Gregory Taylor

Personal information
- Full name: Gregory Tyrone Taylor
- Born: 14 December 1987 (age 38)
- Batting: Left-handed
- Role: Wicket-keeper

International information
- National side: Bahamas;
- T20I debut (cap 10): 7 November 2021 v Canada
- Last T20I: 22 June 2025 v Cayman Islands

Career statistics
| Competition | T20I |
| Matches | 25 |
| Runs scored | 282 |
| Batting average | 12.26 |
| 100s/50s | 0/1 |
| Top score | 56* |
| Balls bowled | 270 |
| Wickets | 13 |
| Bowling average | 25.53 |
| 5 wickets in innings | 0 |
| 10 wickets in match | 0 |
| Best bowling | 3/27 |
| Catches/stumpings | 10/– |
- Source: Cricinfo, 29 September 2025

= Gregory Taylor (cricketer) =

Bahamian cricketer (born 1987)

Gregory Tyrone Taylor (born 14 December 1987) is a Bahamian cricketer and the captain of the Bahamas national cricket team. Taylor is a left-handed batsman who also bowls as a left-arm bowler. Taylor also played as an occasional wicketkeeper.

==Biography==
Taylor made his debut for the Bahamas in the 2004 Americas Affiliates Championship against the Turks and Caicos Islands.

Taylor made his Twenty20 debut for the Bahamas in the 1st round of the 2008 Stanford 20/20 against Jamaica, where he scored 10 runs and stumped Xavier Marshall off the bowling of Narendra Ekanayake.

Taylor represented the Bahamas in the 2008 ICC World Cricket League Division Five and in the 2010 ICC Americas Championship Division 2. He captained the side in the 2010 ICC World Cricket League Division Eight, gaining the man-of-the-match award in their win over Gibraltar. Taylor represented the Bahamas in the 2010 ICC Americas Championship Division 1.

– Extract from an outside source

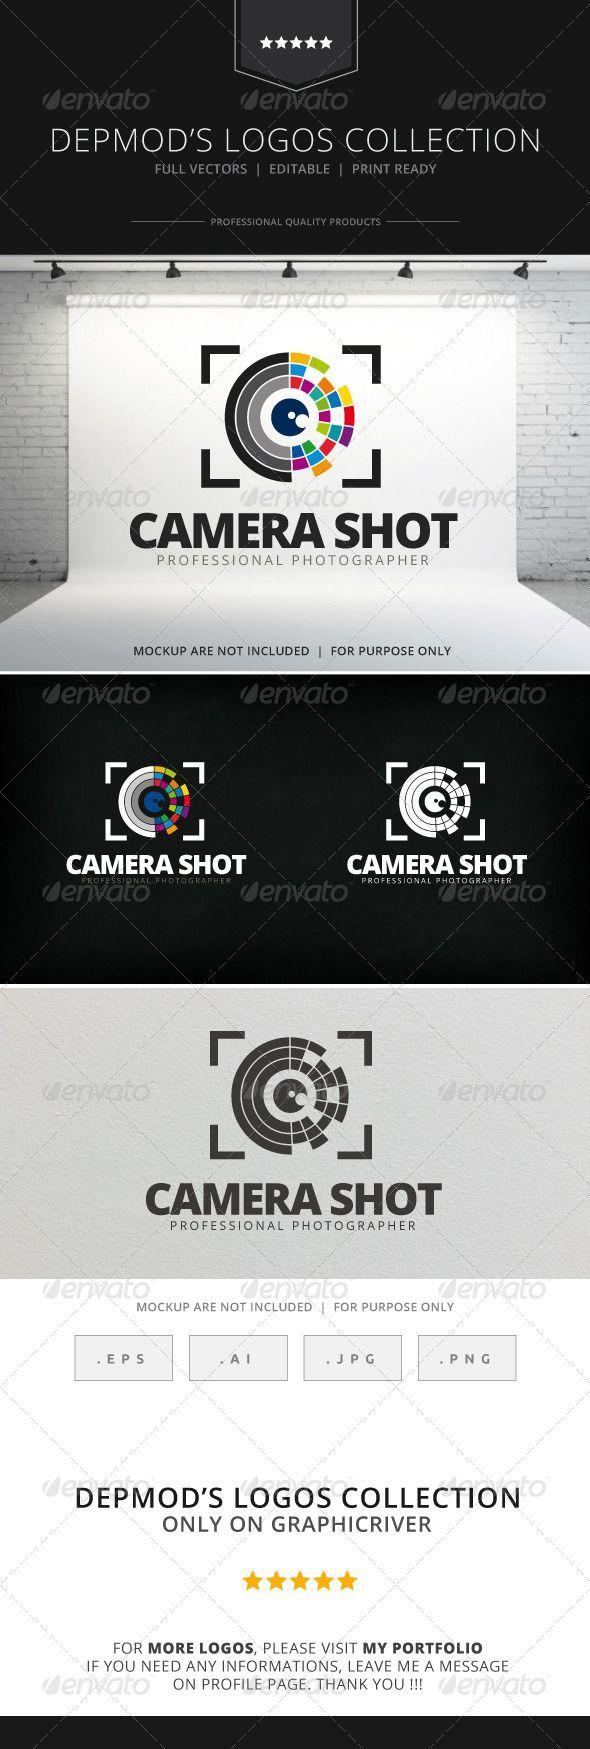 Colorful Camera Shutter Logo - Logo of a stylized colorful camera shutter (with framing). Full

In July 2019, he was named in the Bahamian squad for their tour of Bermuda.

In October 2021, Taylor was named as the captain of the Bahamas Twenty20 International (T20I) squad for the 2021 ICC Men's T20 World Cup Americas Qualifier tournament in Antigua. He made his T20I debut on 7 November 2021, for the Bahamas against Canada.